Look through the records below for the line holding "Meetio View with floor plan maps". Write it out exactly, with each following line through the line holding "Buffalo Chicken Mac and".

BEGIN DATA RECORDS

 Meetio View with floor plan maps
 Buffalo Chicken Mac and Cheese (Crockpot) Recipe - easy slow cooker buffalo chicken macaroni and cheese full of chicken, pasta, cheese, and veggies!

END DATA RECORDS
BEGIN DATA RECORDS

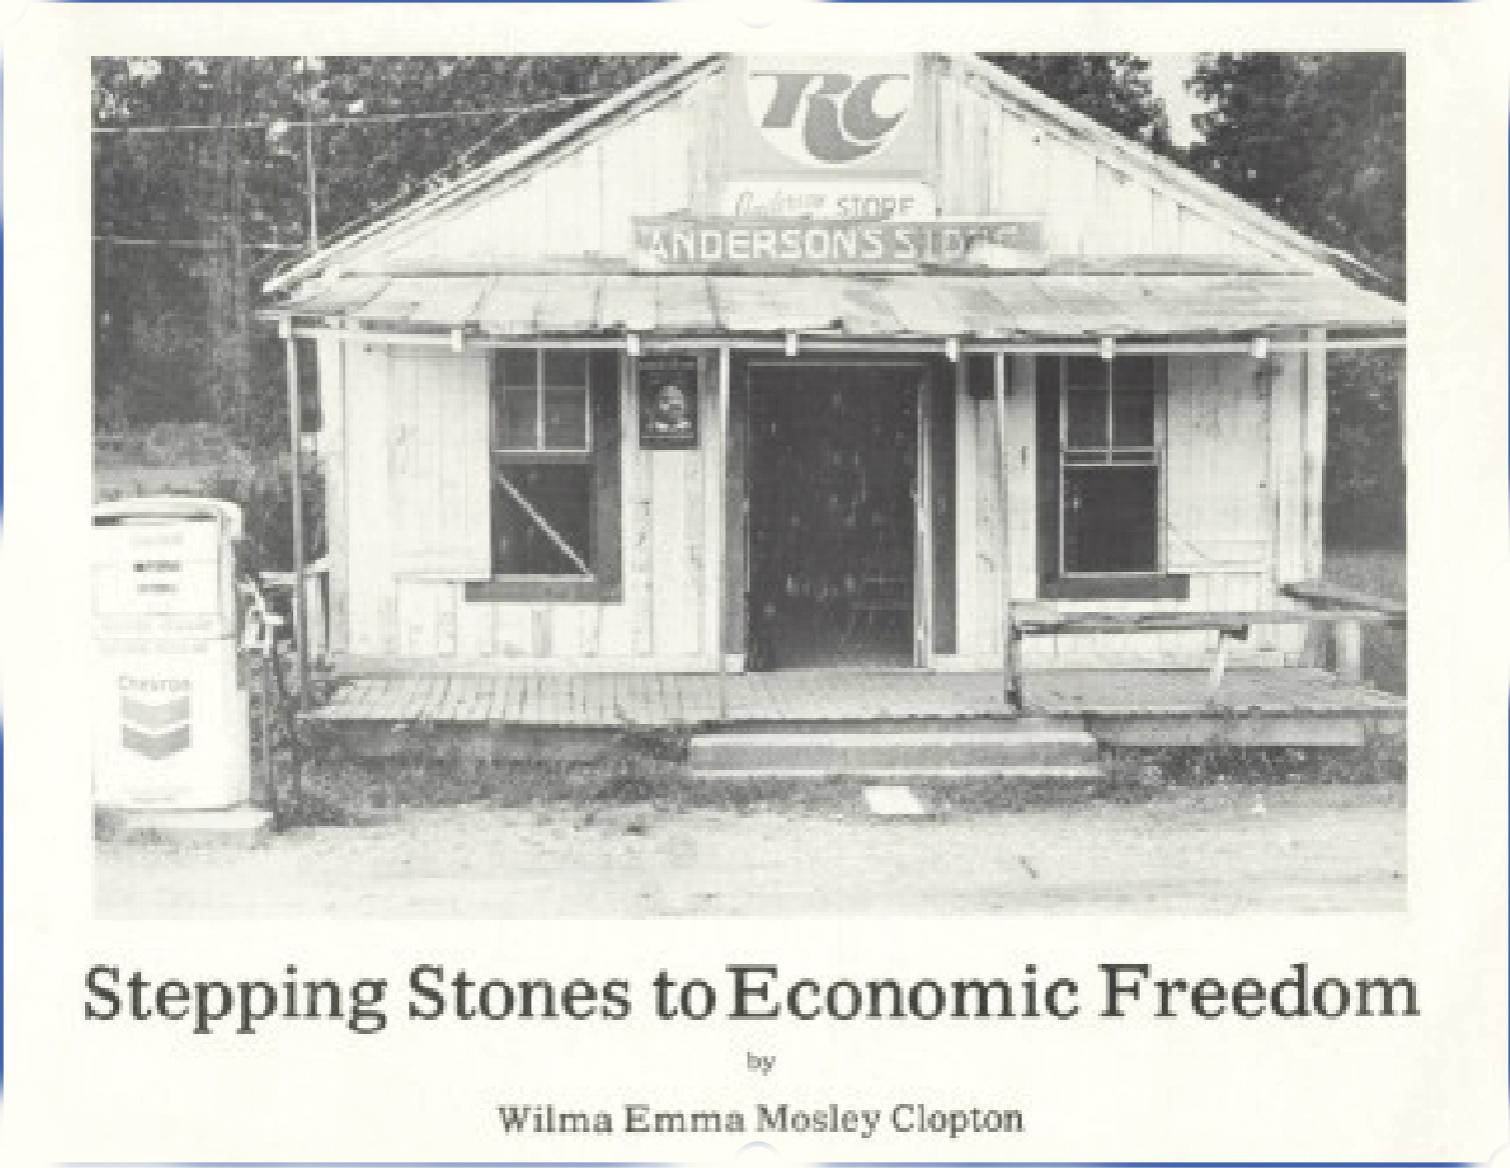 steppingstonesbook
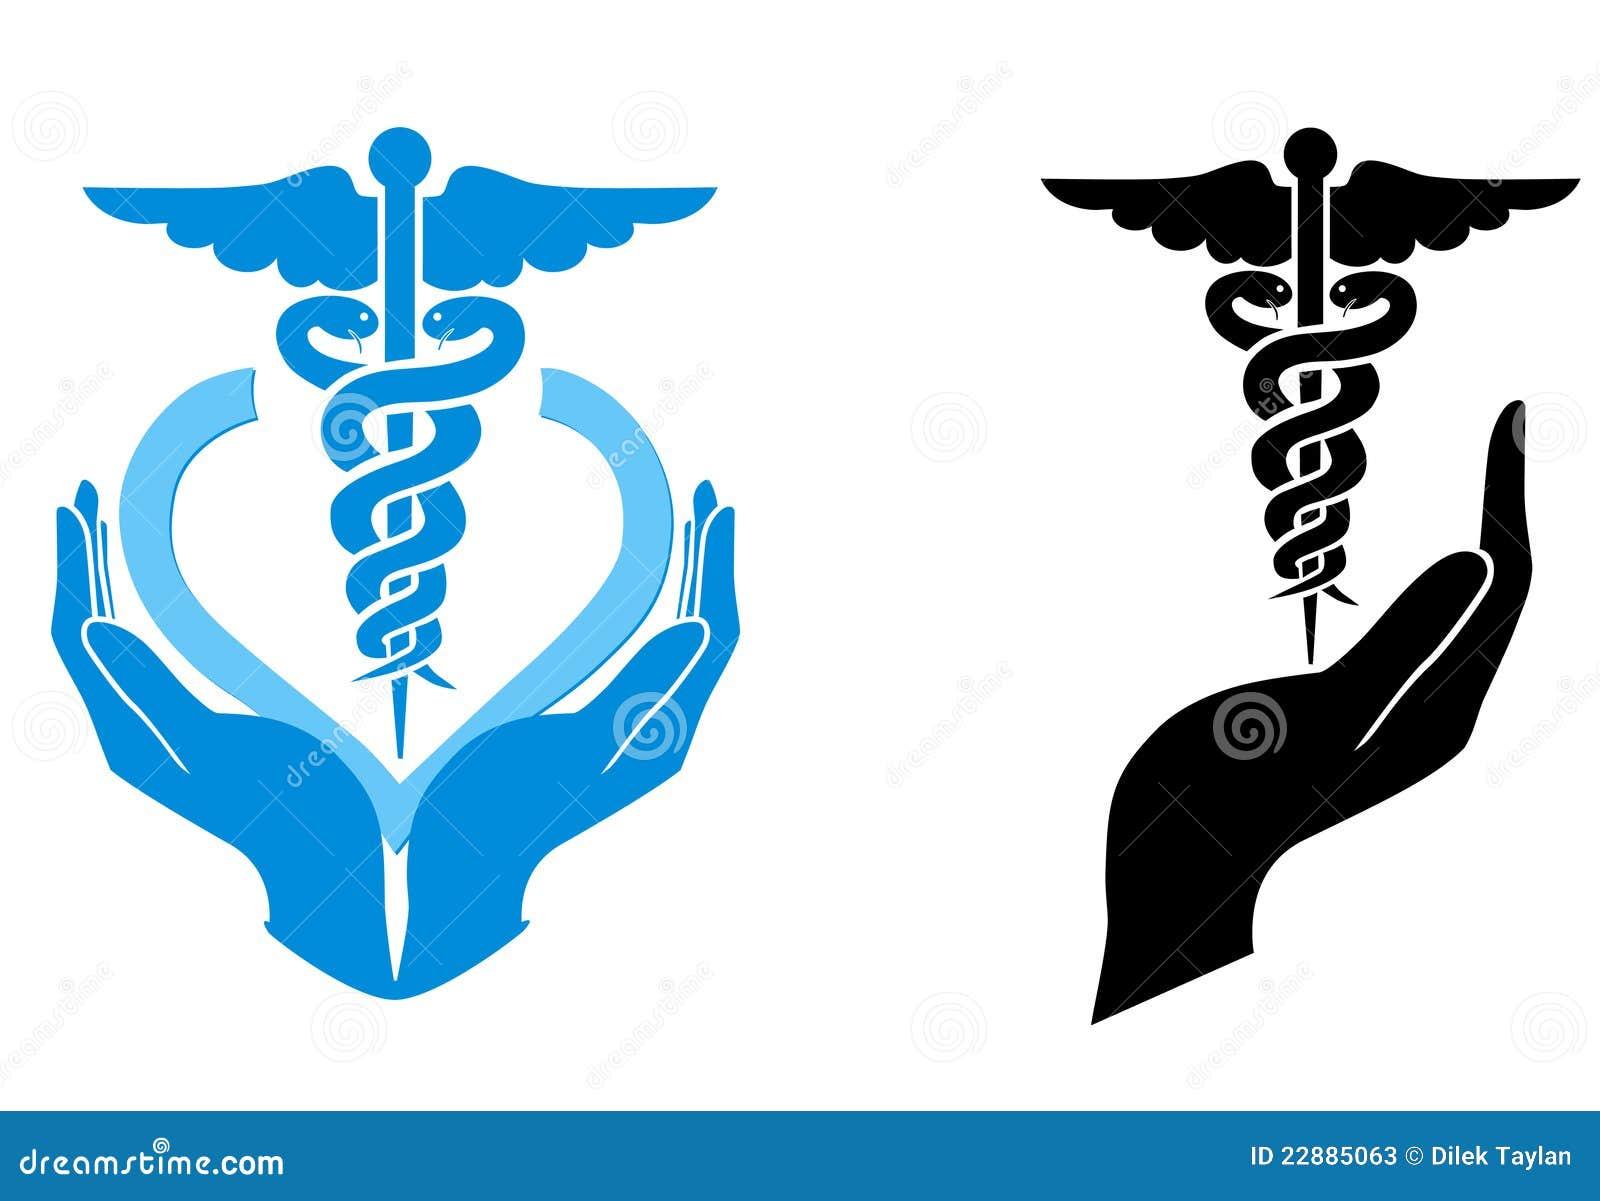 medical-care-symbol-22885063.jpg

END DATA RECORDS

### WRITTEN SOLUTION
 Meetio View with floor plan maps
 Buffalo Chicken Mac and Cheese (Crockpot) Recipe - easy slow cooker buffalo chicken macaroni and cheese full of chicken, pasta, cheese, and veggies!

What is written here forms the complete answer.